Assessing Seahawks Defensive Groups After 10 Games

Corbin Smith

The halfway mark of the 2019 NFL season passed several weeks ago, but with the Seahawks on a Week 11 bye, this weekend ultimately serves as their midway point to rest up for the final stretch run.

Looking back at Seattle’s first 10 games and a fast 8-2 start, how have each of the team’s defensive positional groups performed thus far?

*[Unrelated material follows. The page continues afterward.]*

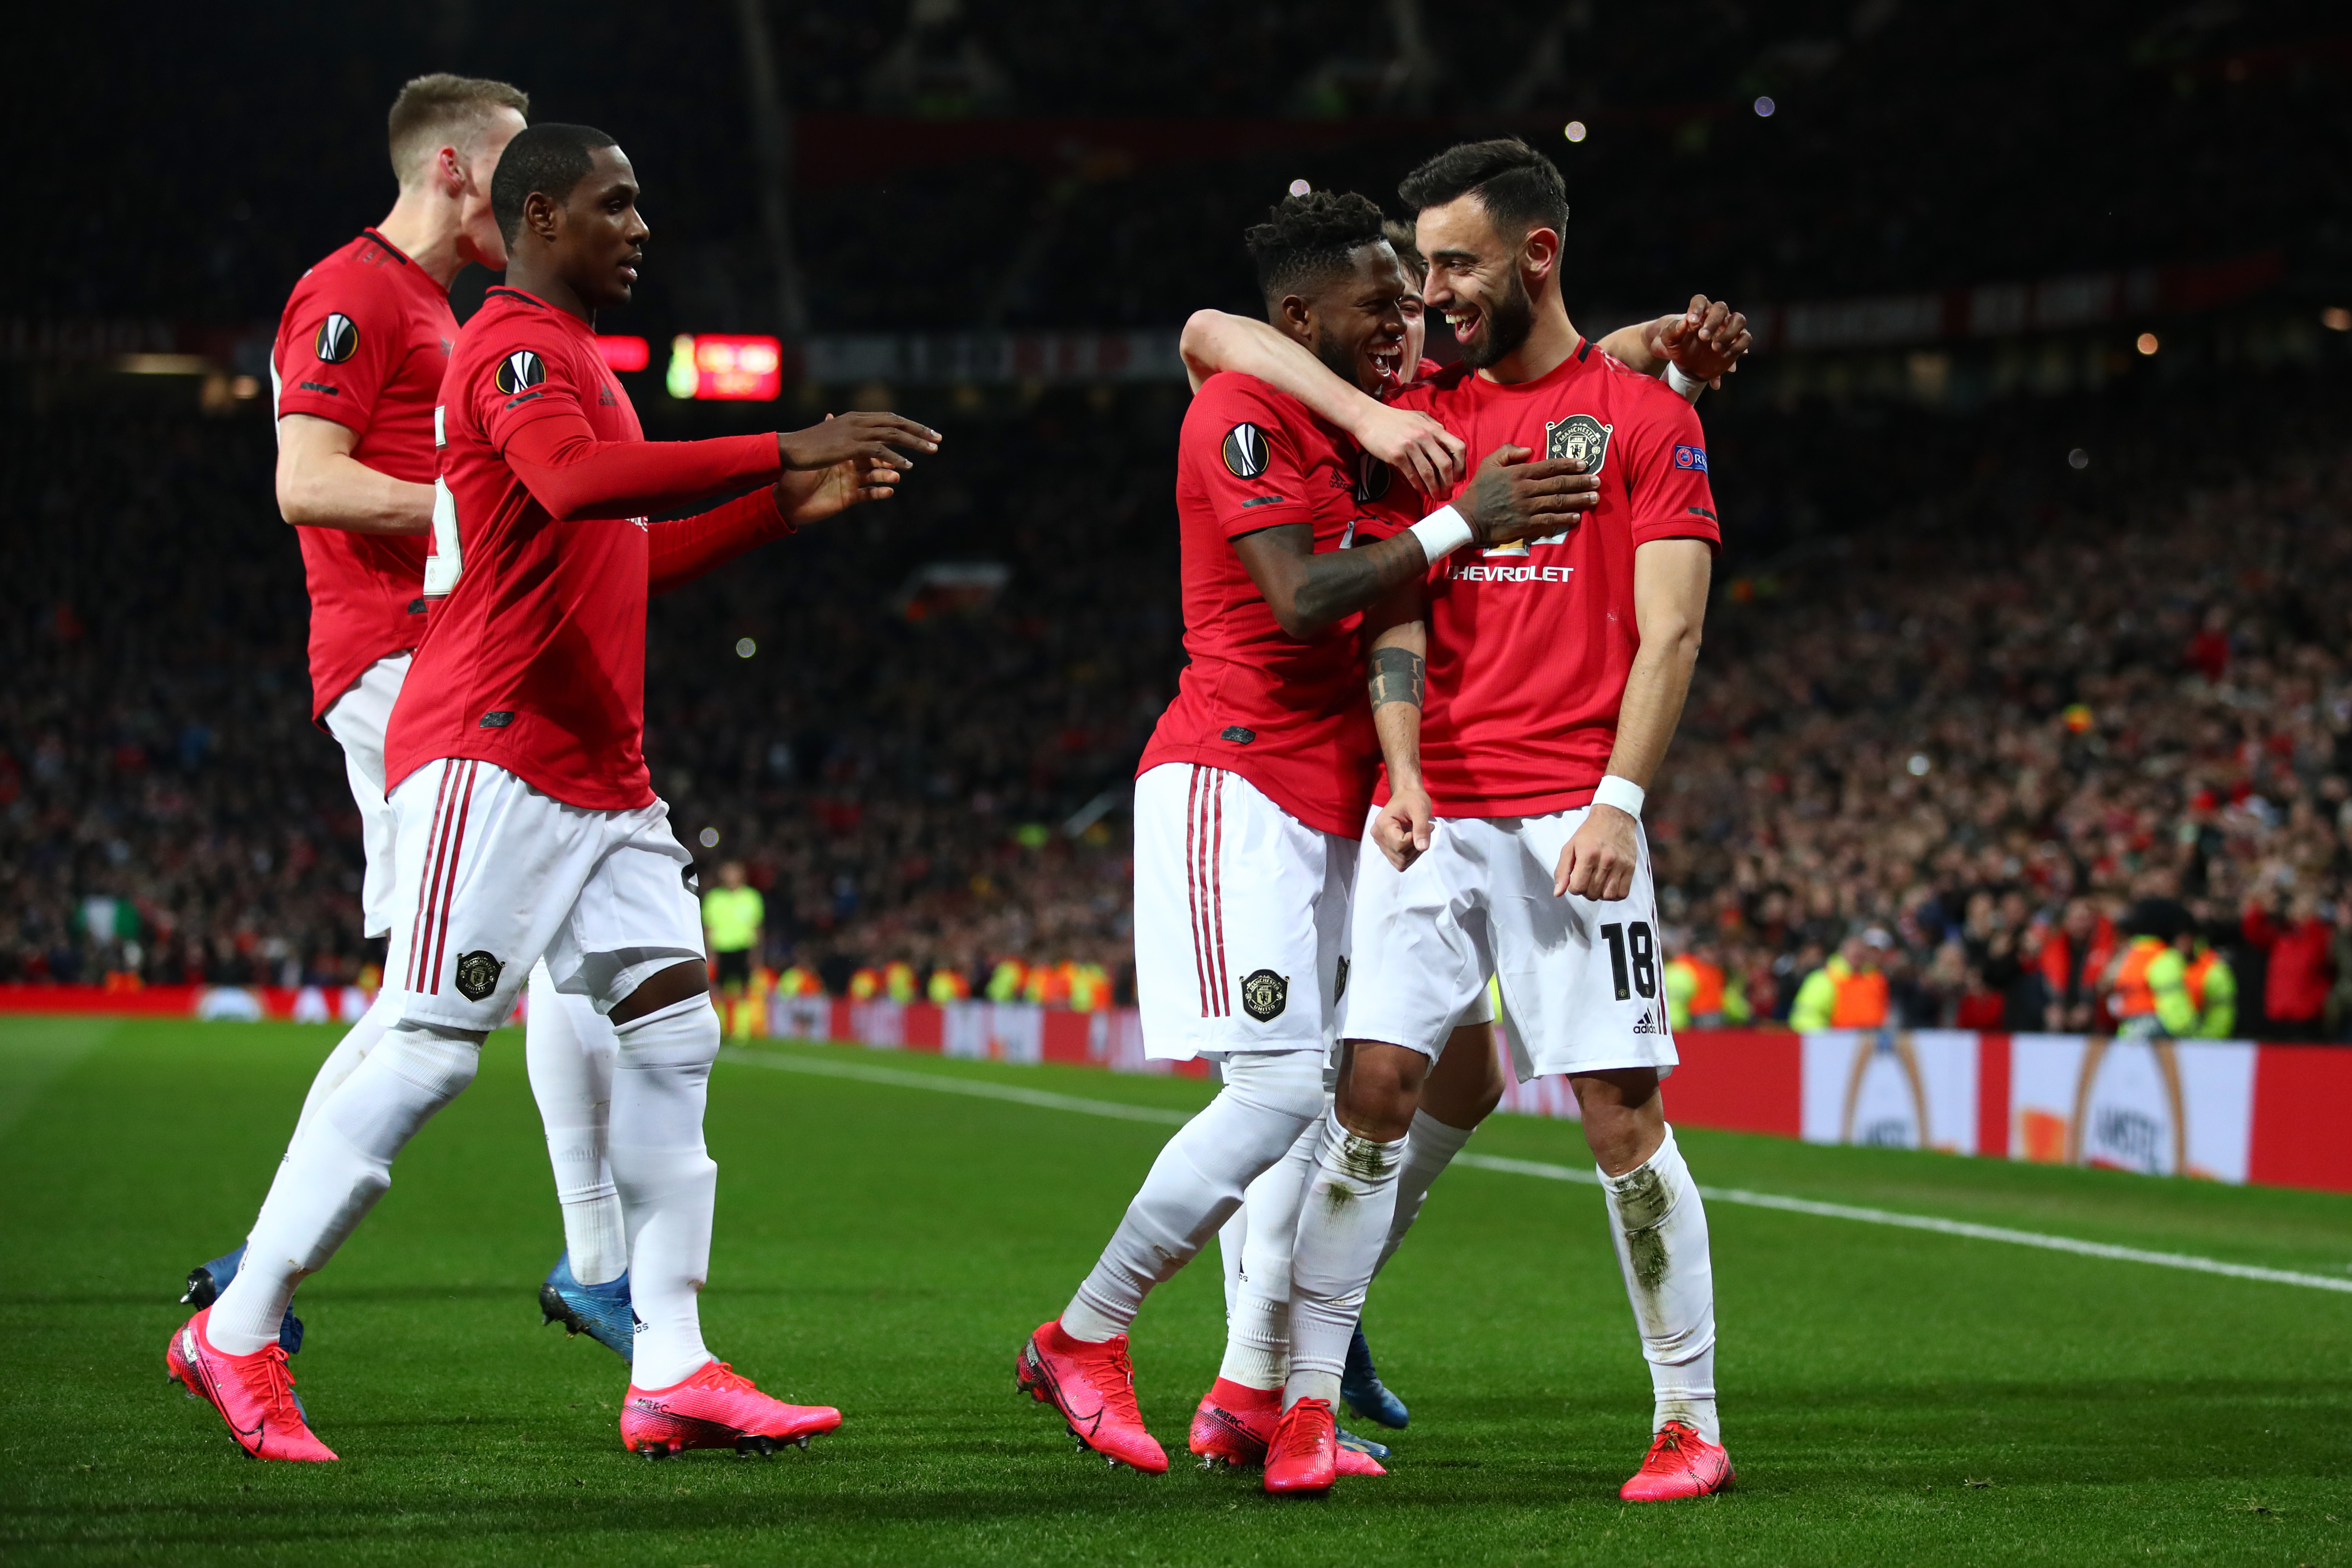 Bruno Fernandes played a massive role as United finished second in the league last season (Photo by Clive Brunskill/Getty Images)

Here’s my bye week assessment, featuring a specific word to describe the positional group, in-depth analysis, and a grade through 10 weeks of play.

Defensive Line

Word: Vexatious

Analysis: Seattle has improved substantially defending the run this year, in large part due to the additions of defensive tackle Al Woods and defensive end Jadeveon Clowney in the offseason. From that standpoint, the defensive line has performed at a high level. However, the Seahawks have been annoyingly ineffective rushing the passer most of the season despite having a lot of big names such as Clowney, Ziggy Ansah, and Jarran Reed in the trenches. The unit showed signs of life with 10 quarterback hits and 5.0 sacks against the 49ers on Monday, but consistency will be key over the final six games and getting any production out of Ansah would be welcomed as well.

Grade: B-

Linebackers

Word: Predictable

Analysis: Going into the season, away from having Russell Wilson under center, Seattle didn’t have another more stabile position on the roster than linebacker. Extending Bobby Wagner along with re-signing K.J. Wright and Mychal Kendricks gave the team an experienced, talent starting trio, while rookies Cody Barton and Ben Burr-Kirven impressed during training camp and the preseason. It’s not surprising that the group has been rock solid all season long, though Kendricks has left quite a few tackles on the field, Wright has had some mishaps in coverage, and even Wagner has missed a handful of tackles. Overall, however, the linebackers have predictably been a strong point for the Seahawks.

Grade: B+

Cornerbacks

Word: Thintastic

Analysis: I couldn’t find a word that appropriately describe Seattle’s cornerback group, so I ditched the dictionary. Shaquill Griffin has truly come into his own in his third season, as opposing quarterbacks have only completed 50.9 percent of throws against him for a single touchdown and he has 12 passes defensed through 10 games. Tre Flowers endured a rough start, but he’s made substantial strides in recent weeks and held opponents to a 77.5 passer rating on 67 targets. Those two players alone paint a very bright picture for Seattle, but depth behind them is pretty shaky, as exhibited by Akeem King’s struggles replacing Flowers against Atlanta last month.

Grade: B-

Safety

Word: Metamorphosis

Analysis: After losing Earl Thomas in free agency, the safety positions have been constantly changing for Seattle as the team tried to find a suitable starting combination. First, Tedric Thompson opened the year at free safety before suffering a season-ending shoulder injury. Then, he was replaced by rookie Marquise Blair for three games, only to be supplanted by veteran Quandre Diggs last week. Monday’s win in San Francisco was just one game, but the duo of Diggs and Bradley McDougald looked better than any other pairing the Seahawks have put on the field this year, potentially stopping the revolving door in the secondary shut with six games left to play.